Verifiche sulla malattia vescicolare suina

Verifiche sulla malattia vescicolare suina

La XII Commissione,

premesso che:

– gli allevamenti di suini italiani sono attualmente colpiti da due emergenze sanitarie, la peste suina africana e la malattia vescicolare suina, che provocano danno a tutto il settore suinicolo e di trasformazione e ne limitano le esportazioni e la commercializzazione dei prodotti;

– la malattia vescicolare suina (MVS) ha colpito negli anni scorsi gli allevamenti della nostra nazione. Il Ministero della salute ha emanato le ordinanze ministeriali 12 aprile 2008 su «Identificazione dei suini e allevamenti di suini» e «Misure sanitarie di eradicazione della malattia vescicolare del suino e di sorveglianza della peste suina classica» che riprendono il documento SANCO/10543/2007 rev.1 che modifica la decisione 2005/782/CE e modificato ancora in data 4 marzo 2008 con documento SANCO/10543/2007 rev.2 e la decisione 2007/782/CE;

– l’accreditamento aziendale e regionale di indennità da malattia vescicolare suina consente la possibilità di movimentazione degli animali e delle carni, ma attualmente in Italia non si ha l’accreditamento di tutte le regioni per l’indennità da MVS. Infatti ad oggi le regioni Campania e Calabria presentano ancora dei focolai;

– questa presenza di MVS impedisce la commercializzazione di carne suina e sottoprodotti di carne suina verso alcuni Paesi esteri procurando grave danno alle nostre aziende suinicole e alle aziende agroalimentari di trasformazione;

– riconoscendo l’autonomia regionale di intervento anche su questo piano di eradicazione della MVS, la mancata risoluzione dell’infezione causa un danno anche agli altri allevamenti nazionali;

– come previsto nella ordinanza ministeriale 12 aprile 2008, interventi di abbattimento dei capi infetti e precise e severe norme di biosicurezza consentono l’eradicazione del virus infettivo e dei capi infetti. Inoltre la corretta identificazione dei capi suini e la loro movimentazione elimina la possibile diffusione del contagio;

– la peste suina africana (PSA) è una malattia altamente contagiosa dei suini domestici e selvatici, non trasmissibile all’uomo, causata da un virus a DNA, genere Asfavirus, appartenente alla famiglia degli Asfaviridae. In Italia è attualmente presente solo in Sardegna dal 1978;

– la presenza del virus della PSA in Europa costituisce un freno al consolidamento di flussi commerciali di esportazione di carne suina e trasformati verso Paesi come Giappone, Brasile e India, pertanto l’eradicazione della PSA diventa una priorità.
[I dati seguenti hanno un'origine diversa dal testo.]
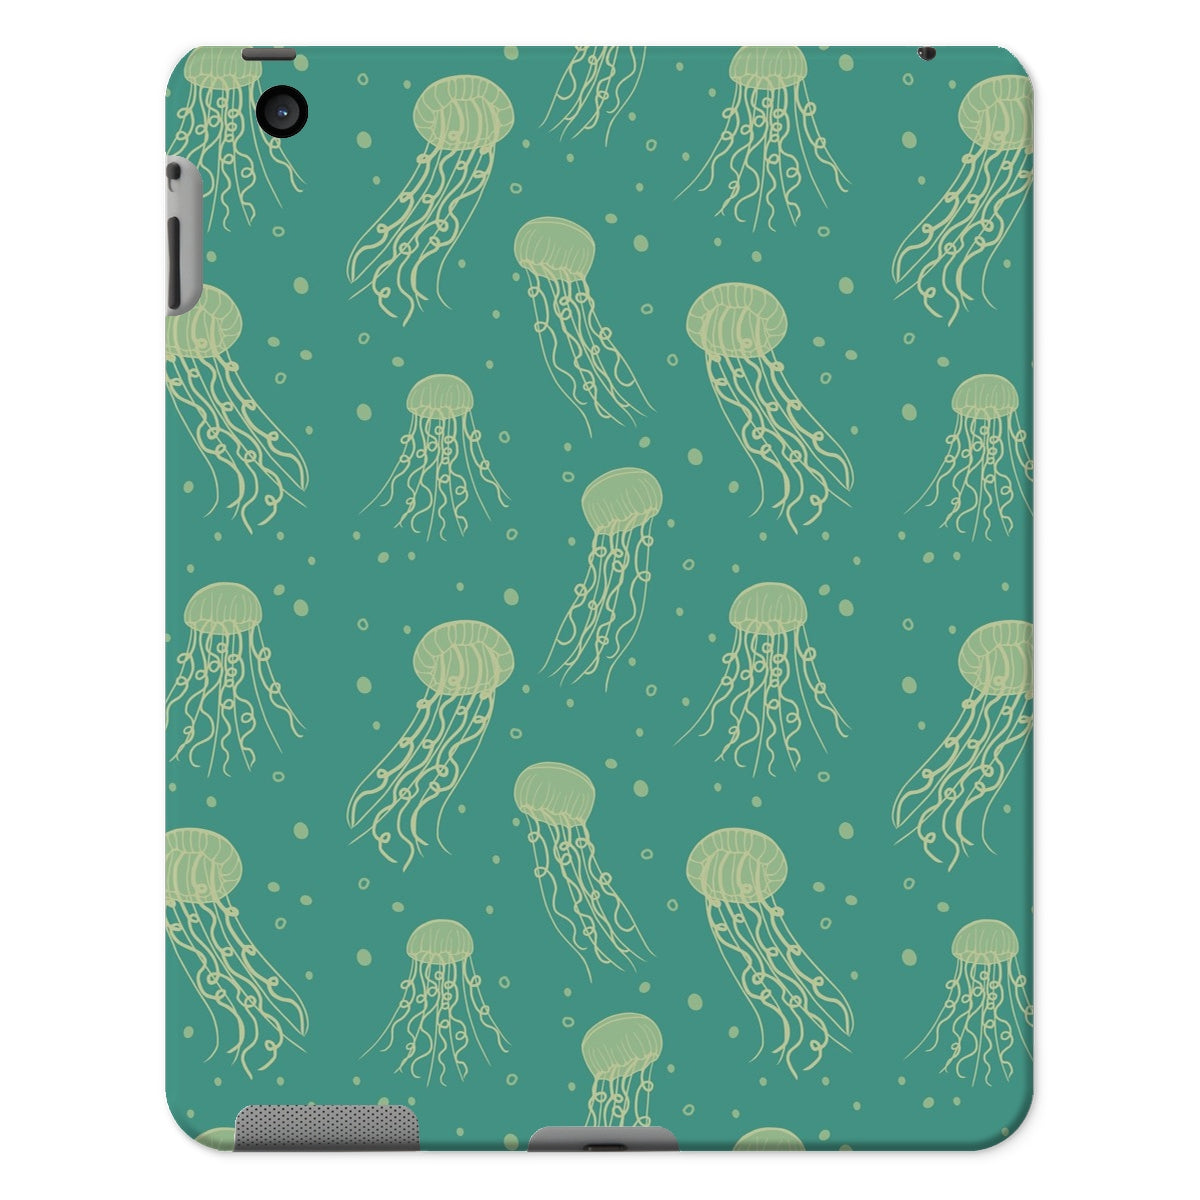 Jellyfish Tablet Cases
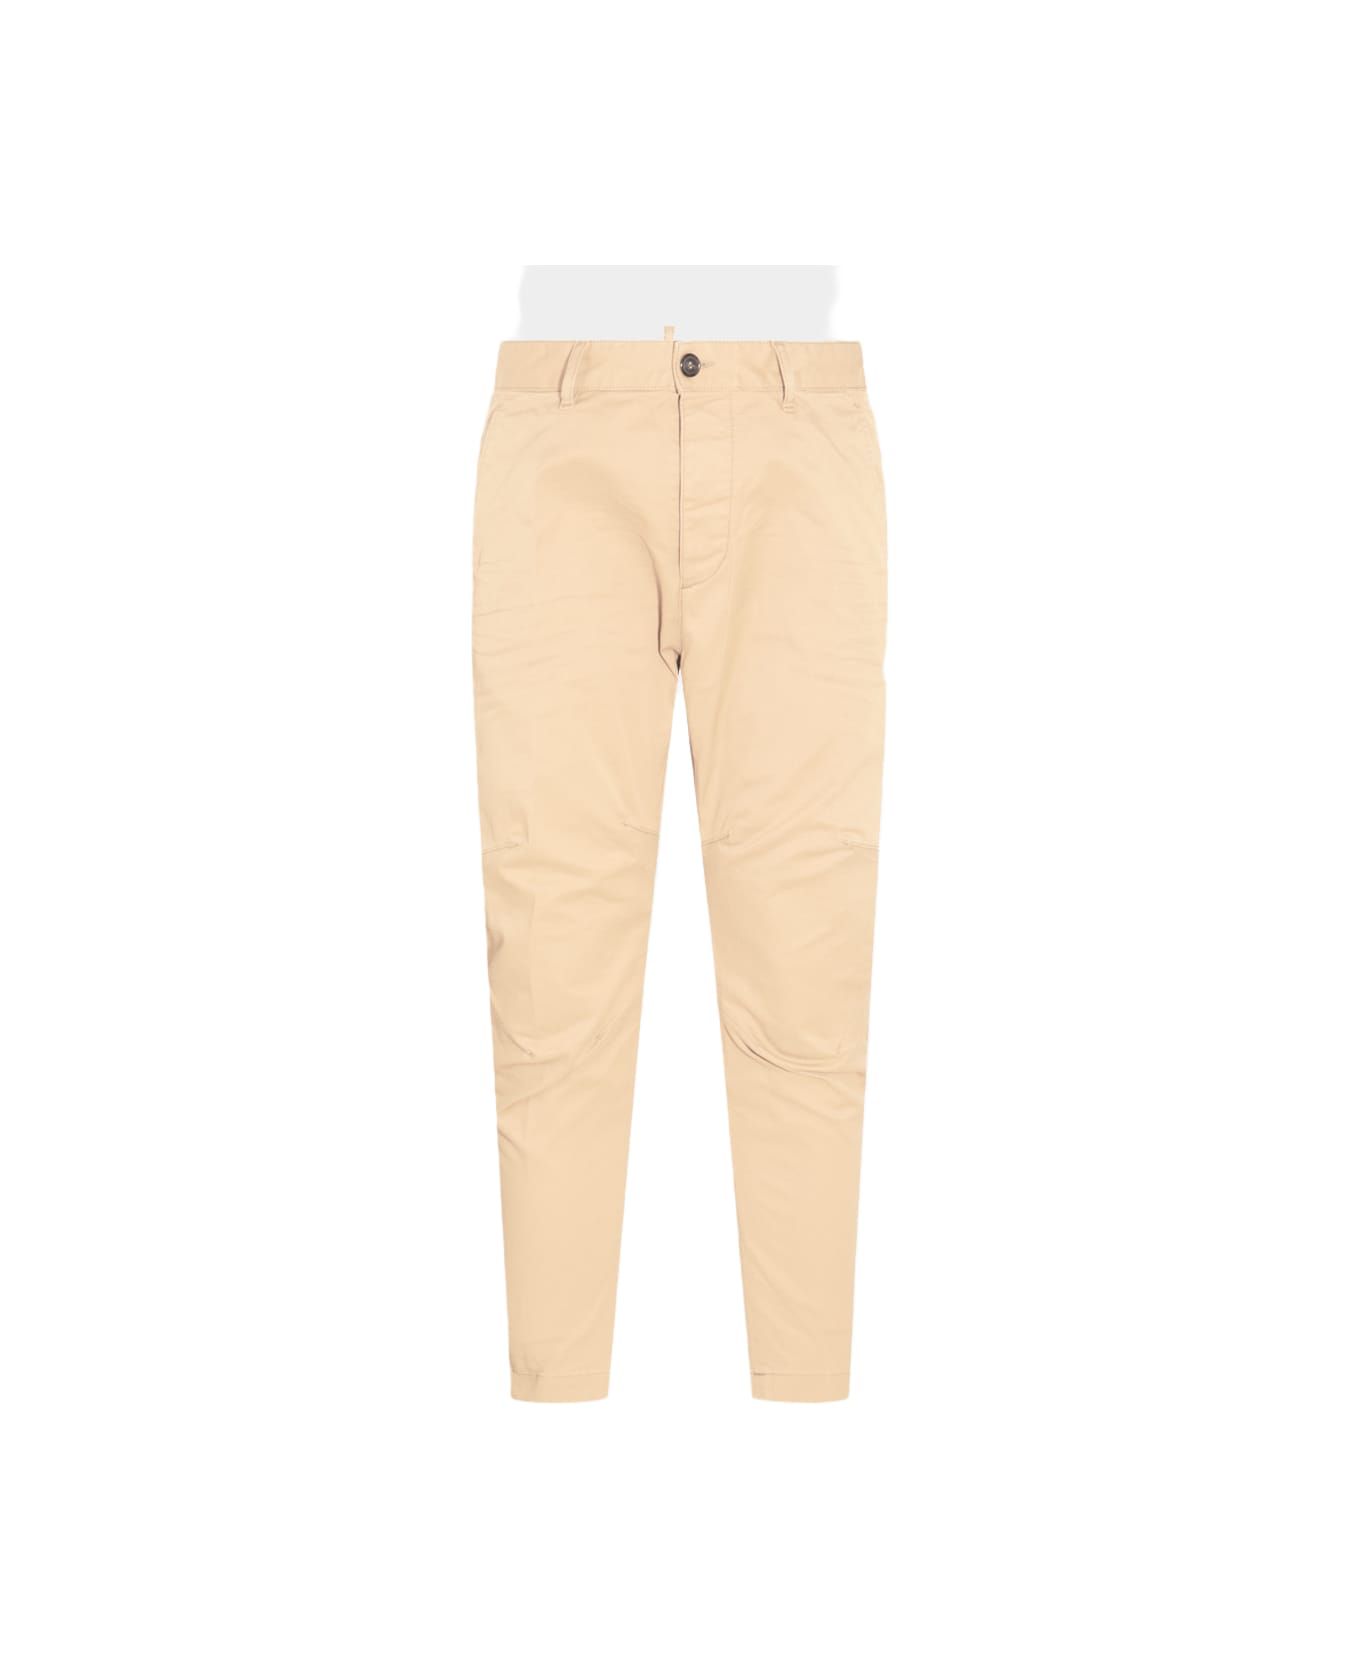 Dsquared2 Beige Cotton Blend Trousers - Stone

In questi ultimi mesi sono stati segnalati casi di focolai di PSA anche nell’est Europa (Lituania e Polonia) con il timore della diffusione della malattia e la riduzione delle esportazioni internazionali verso Paesi indenni dalla malattia;

– il decreto legislativo n. 54 del 20 febbraio 2004 recepisce le misure comunitarie per la lotta contro la PSA e il Centro di referenza nazionale per le pesti suine ha elaborato il «Piano di Emergenza per la Peste Suina Classica e la Peste Suina Africana»;

– la presenza di allevamenti di piccole dimensioni e famigliari, accompagnata dalla presenza di cinghiali selvatici, ha reso difficile l’eradicazione della malattia in Sardegna,

impegna il Governo:

a verificare la piena attuazione delle ordinanze ministeriali 12 aprile 2008 «Misure sanitarie di eradicazione della malattia vescicolare del suino e di sorveglianza della peste suina classica» nelle regioni che hanno ancora focolai aperti di Malattia vescicolare suina;

ad attuare un controllo sierologico e clinico per la MVS sui suini di importazione, in particolare per prevenire l’immissione di animali con forme sub-cliniche difficilmente identificabili;

ad assumere iniziative, per quanto di competenza, per verificare la corretta applicazione del decreto legislativo n. 200 del 26 ottobre 2010 «Attuazione della Direttiva 2008/71/CE relativa all’identificazione e registrazione dei suini» nelle regioni senza accreditamento per la malattia vescicolare suina;

a disporre per quanto di competenza interventi immediati per l’identificazione delle aziende infette per MVS, con l’abbattimento dei capi infetti nonché a disporre tutte le norme di biosicurezza previste dall’allegato II e X dell’ordinanza ministeriale 12 aprile 2008;

a verificare quali siano i punti critici che hanno impedito di giungere all’eradicazione della PSA dalla regione Sardegna;

a coinvolgere i veterinari aziendali liberi professionisti che operano negli allevamenti di suini, sia di grande che piccola dimensione, per affrontare i punti critici e giungere alla risoluzione dell’infezione in Sardegna;

ad attuare negli allevamenti di suini della Sardegna tutte le misure di biosicurezza essenziali ad evitare il contagio come l’applicazione di una quarantena degli animali, l’uso di calzari e indumenti monouso negli allevamenti, la costruzione di doppi recinti negli allevamenti per evitare contagio con cinghiali allo stato selvatico, il divieto di usare scarti e avanzi alimentari nell’alimentazione dei suini;

ad assumere iniziative, per quanto di competenza, per una gestione corretta dei rifiuti di alimenti sul territorio al fine di impedire potenziali contagi, in particolare nei confronti dei cinghiali.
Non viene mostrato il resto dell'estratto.